-- Material for this exercise follows --

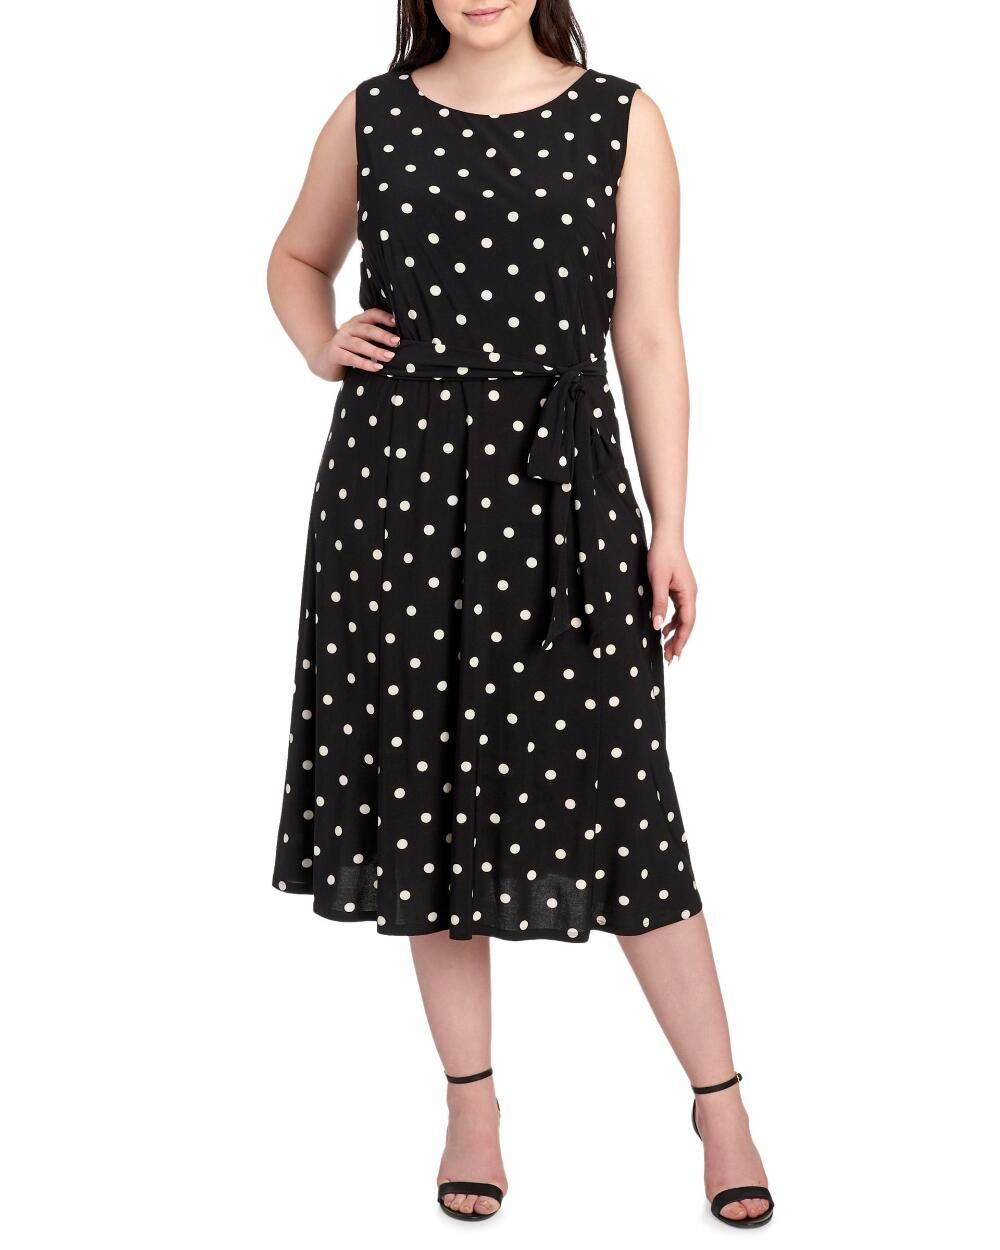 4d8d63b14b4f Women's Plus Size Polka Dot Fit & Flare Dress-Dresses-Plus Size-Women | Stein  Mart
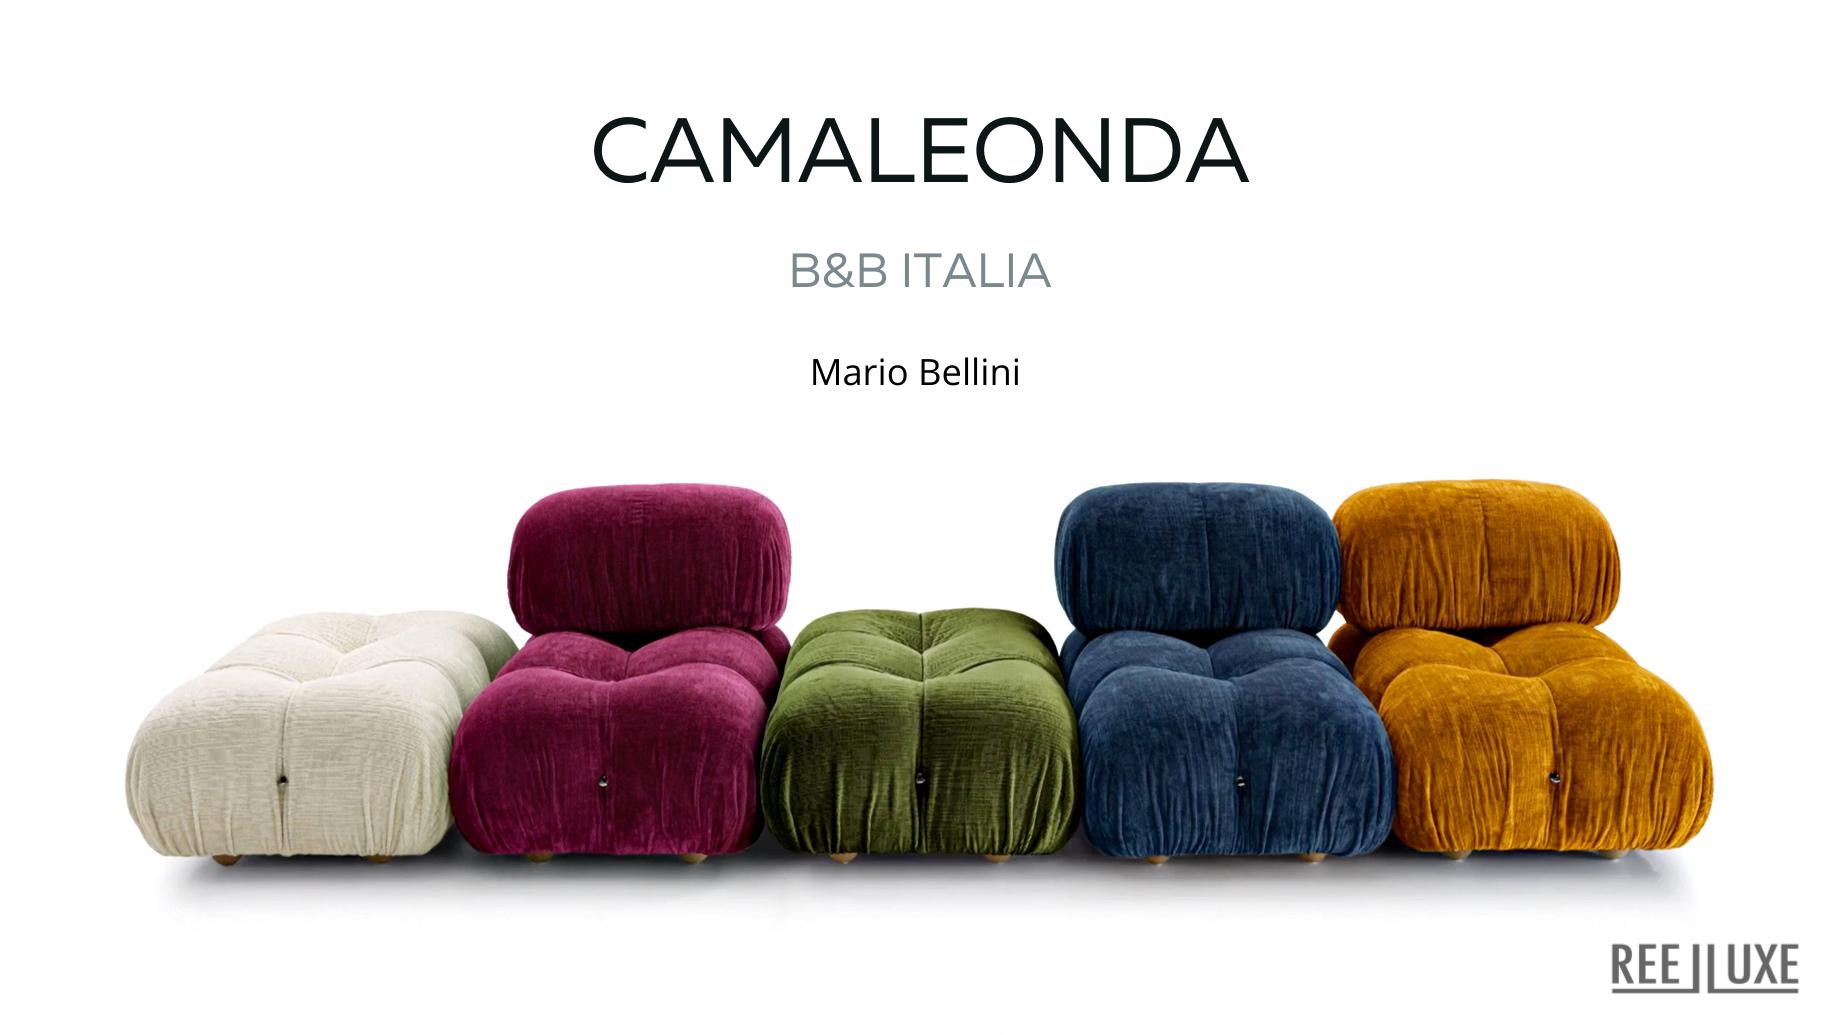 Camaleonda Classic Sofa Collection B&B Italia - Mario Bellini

-- Material for this exercise concluded --
-- Material for this exercise follows --

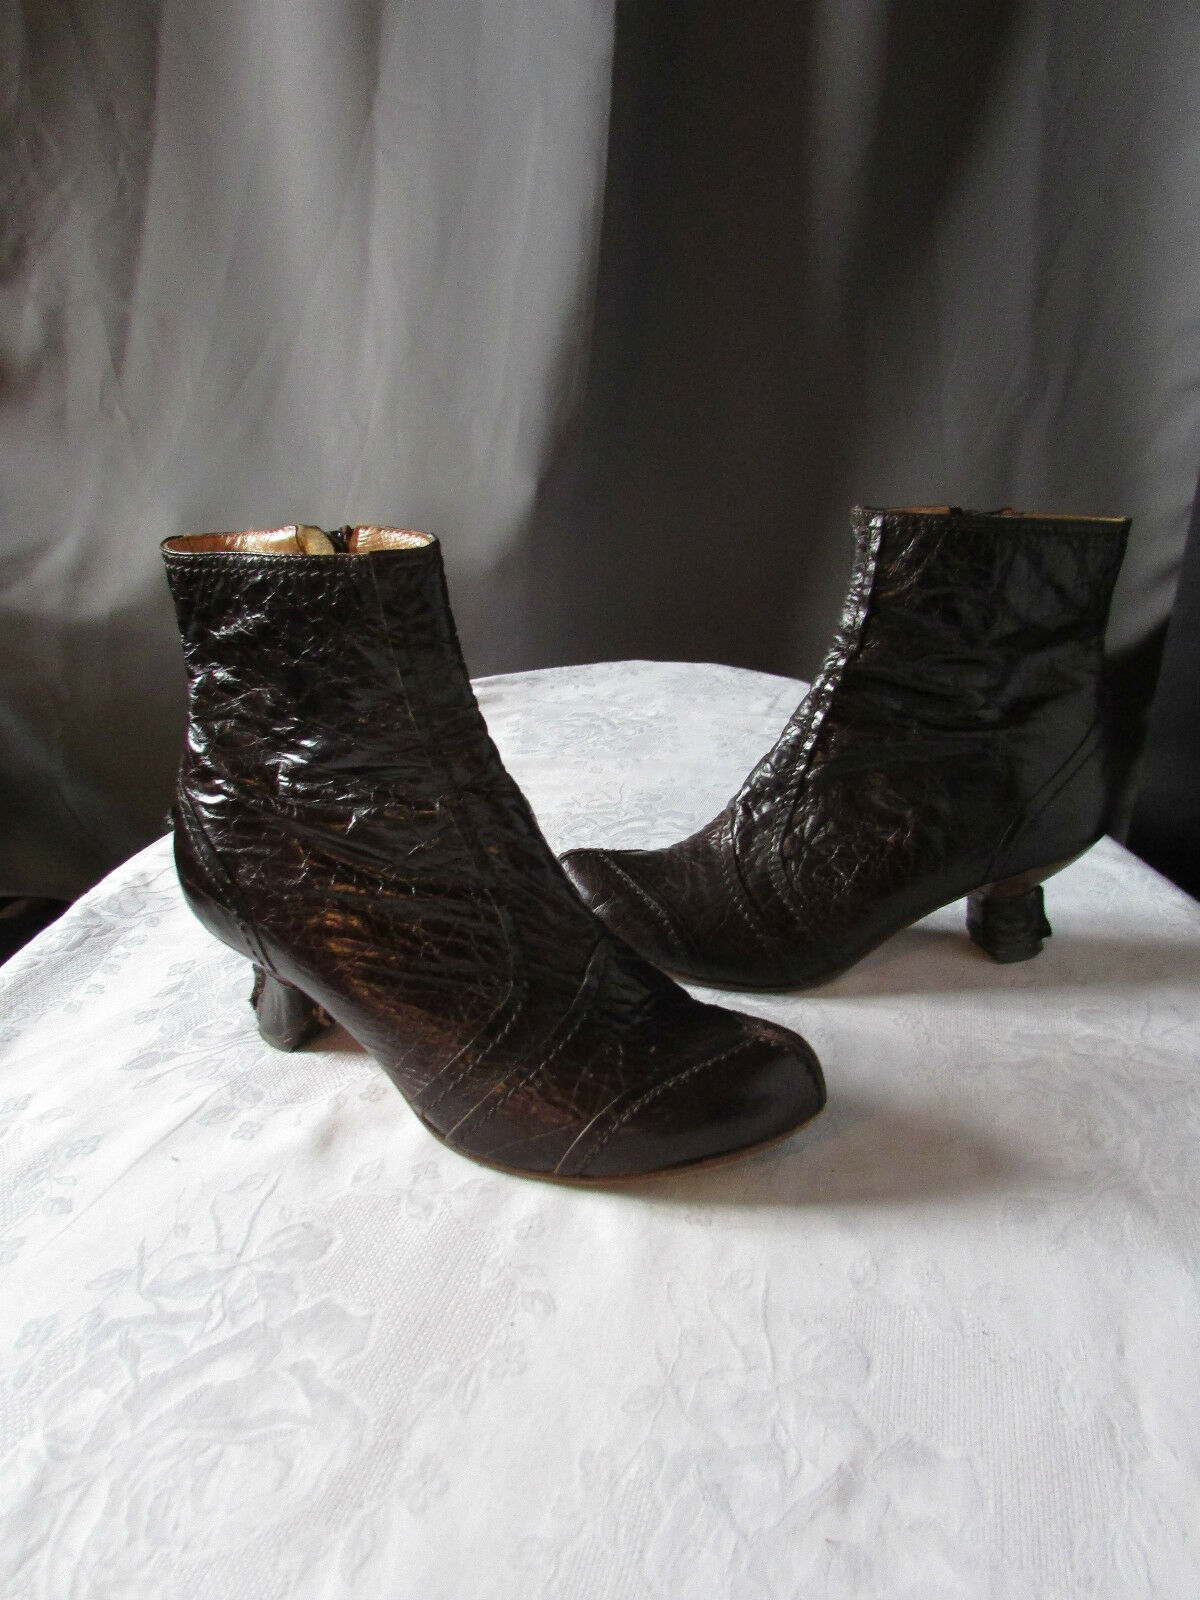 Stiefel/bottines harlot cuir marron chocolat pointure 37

-- Material for this exercise concluded --

What the task requires
In the data above, start at the line holding "4d8d63b14b4f Women's Plus" and stop after the line holding "Camaleonda Classic Sofa"; write out those lines exactly, without pictures.

Written solution
 4d8d63b14b4f Women's Plus Size Polka Dot Fit & Flare Dress-Dresses-Plus Size-Women | Stein  Mart
 Camaleonda Classic Sofa Collection B&B Italia - Mario Bellini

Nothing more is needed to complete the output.